MMORPGs Need To Change

By Joshua Temblett (Dontkillmydreams), Onrpg writer

MMORPGs need to change. That’s a well known fact. The question is, how do they change? The MMO is a great genre, as it doesn’t require any real skill with a keyboard and mouse but rather focuses more on tactical planning which makes it a great genre for people who are either really lazy or just in need of some relaxing, whilst playing a game of course. There are so many different directions the genre could go though, some of which developers may not have even thought about, and when the online RPG market is as cramped as it is, one needs to consider another way of approaching the existing market and reeling in new consumers.


1) Don’t block out the console gamers.

Console gaming is certainly on the rise, why block out that market? It’s true that nearly everyone in the modern world owns a PC; however why bother trying to get into a market that is so ambushed with the same type of game? Let’s just face it right now; World of Warcraft owns the market. There’s no point in denying that. So then why try to make a game similar to WoW? You’re not going to get anywhere near as many subscribers as the game dominating the market as it’s not only brilliantly designed but also very well managed and made. Unless you have a new idea (that works) you’re not going to get anywhere. This is where the console market comes in.

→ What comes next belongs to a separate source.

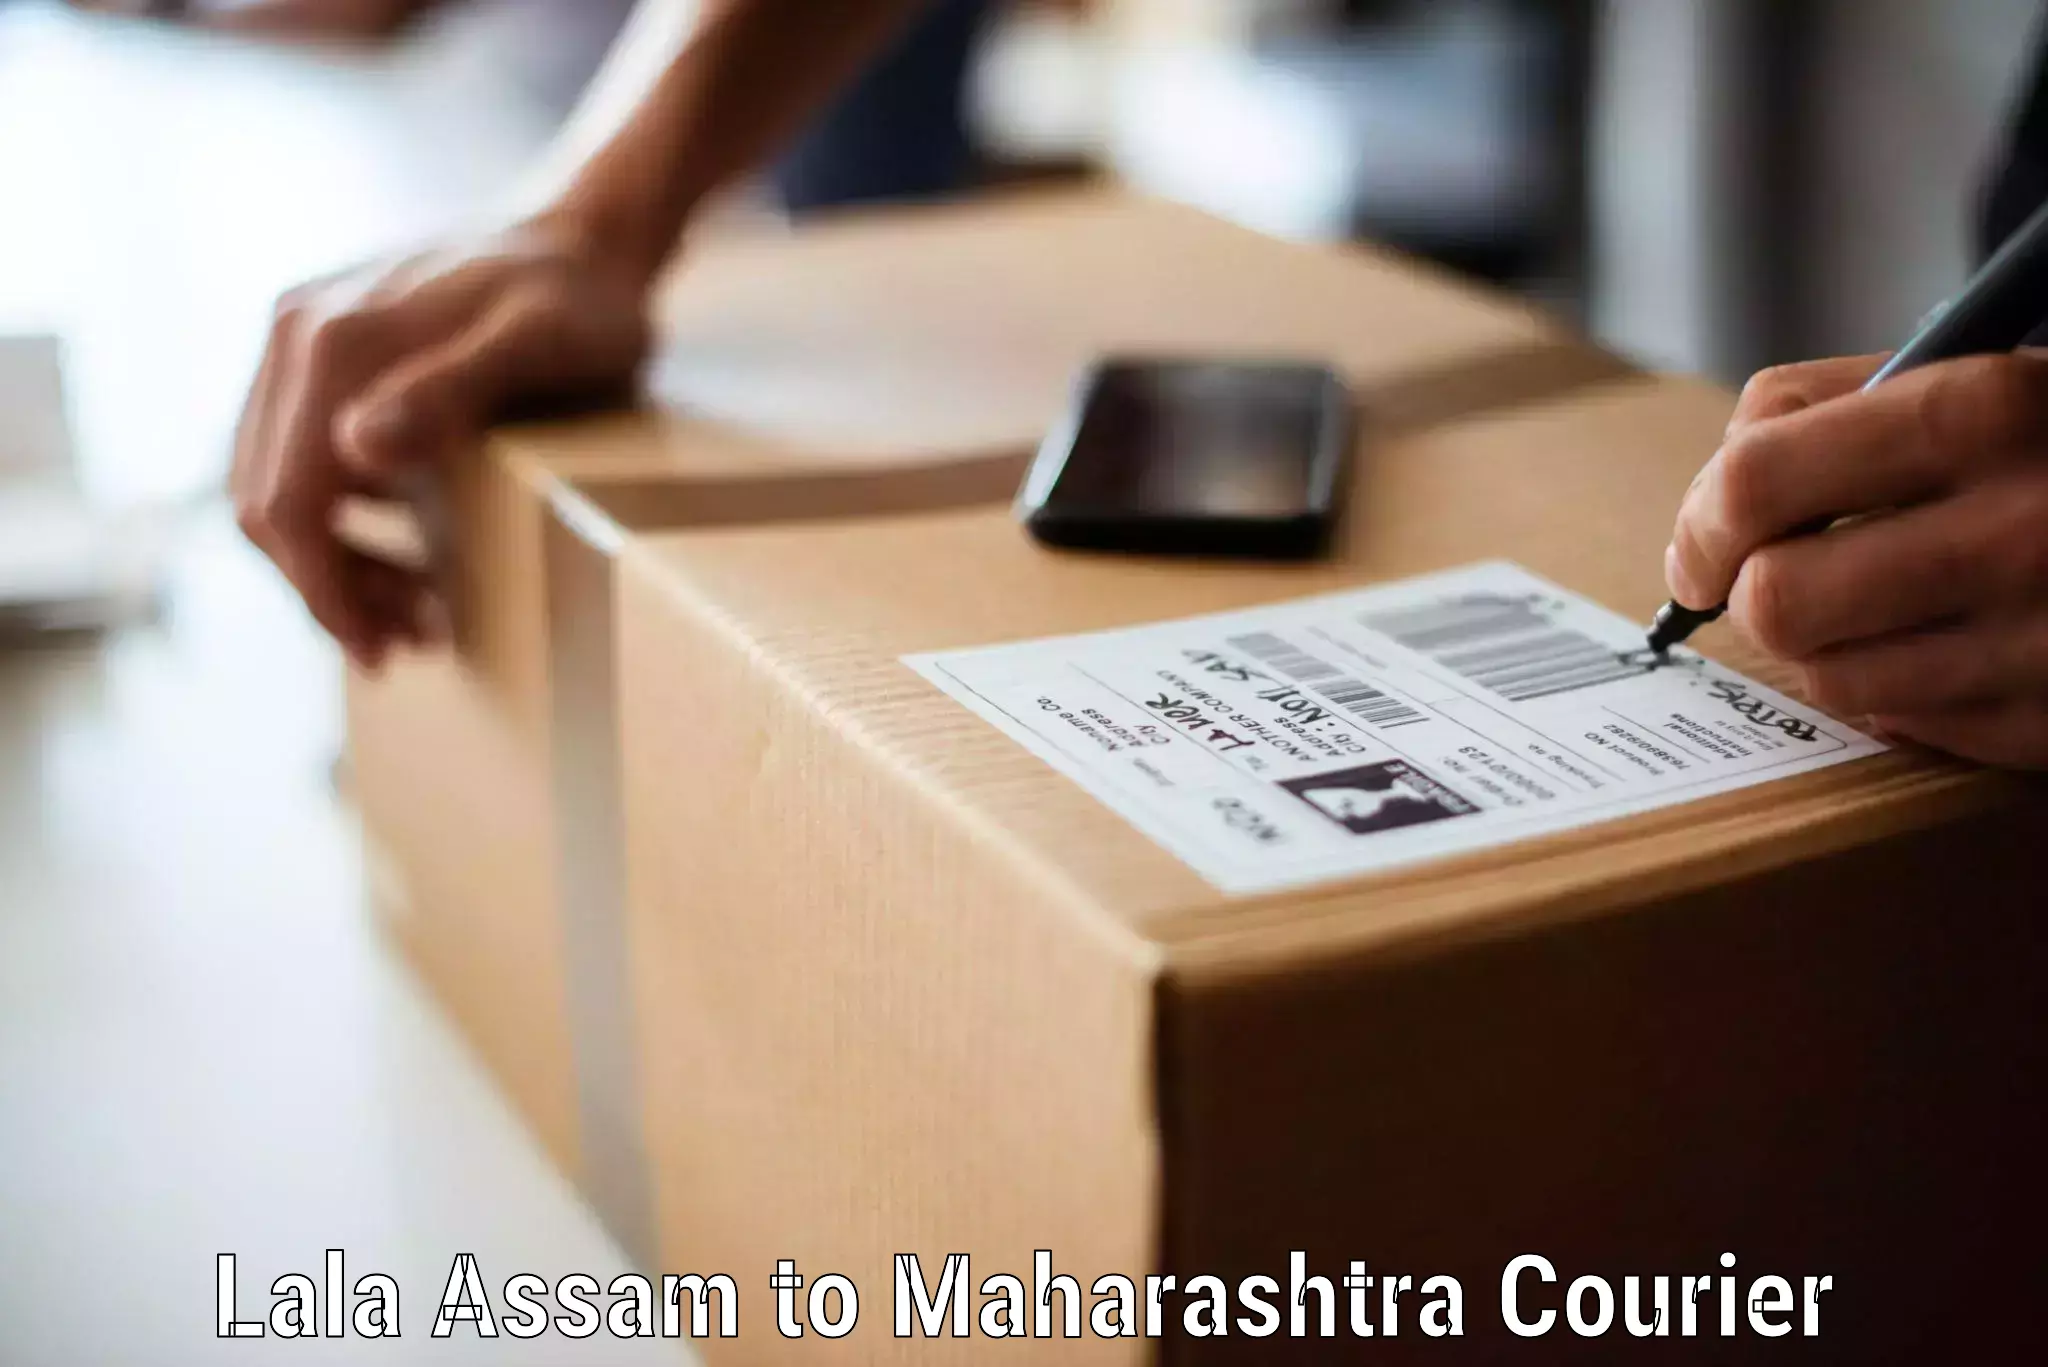 Dependable moving services in Lala Assam to Mumbai

You don’t have to stick to point and click gameplay on consoles, and this is the beauty of them! I still can’t understand why no developer has tried to make a game with a similar control scheme to “The Legend of Zelda”, especially considering that it’s slow enough to not turn battles into button bashers, but fast enough to retain a good pace. Not only that, but there is a certain skill element required too. Console games cannot stick to the same design roots as PC games though (especially with a different control scheme), and this is where my second point comes in!


2) Don’t stick with the same old design.

Let’s assume for a minute that you’re making a game for a console, the way you design that game would have to be different from how you would make a PC MMO. That’s not only because of the control scheme available, but also playing on a console is a completely different experience. Final Fantasy XII (an MMO-styled RPG) is completely different to Guild Wars in terms of environment and general design. What about if you’re not making a game for a console but rather a PC? Don’t stick to the same old methods, move outside of the already tried and tested formula, create a game that plays differently and gives a new experience. There’s nothing stopping designers from mixing and matching genres. MMOFPS anyone?


3) Big games use the F2P scheme!

I mean seriously, why not? The economic climate is attacking us all; we don’t have the money to pay to play games every month! F2P games with an online market place opens up your title to more gamers, but at the same time if you put cool items and whatnot on that market place, players will no doubt buy them. But for God’s sake developers, let people buy items from your store using Paypal! Lots of people use it, it makes them feel safe with what they’re purchasing and that some random company isn’t going to take all their details.


4) Listen to your community.

The community play the game and know more about the game than the developers do, so why not listen to them? They’re the experts! If a marketing expert tells you what to do, you’re going to believe him and do what they say, so why not do the same with your audience? Also report to your community about your developments with the game and get their opinions on new features you’re adding or game balancing. I remember when I was part of the Wizard 101 Closed (and Open) Beta the developers would always report to the community about their current doings and this created a close community and a very good game.

To be honest, listening to your community is the best thing a developer can do to not only improve games but also to create new and exciting experiences and games within the genre.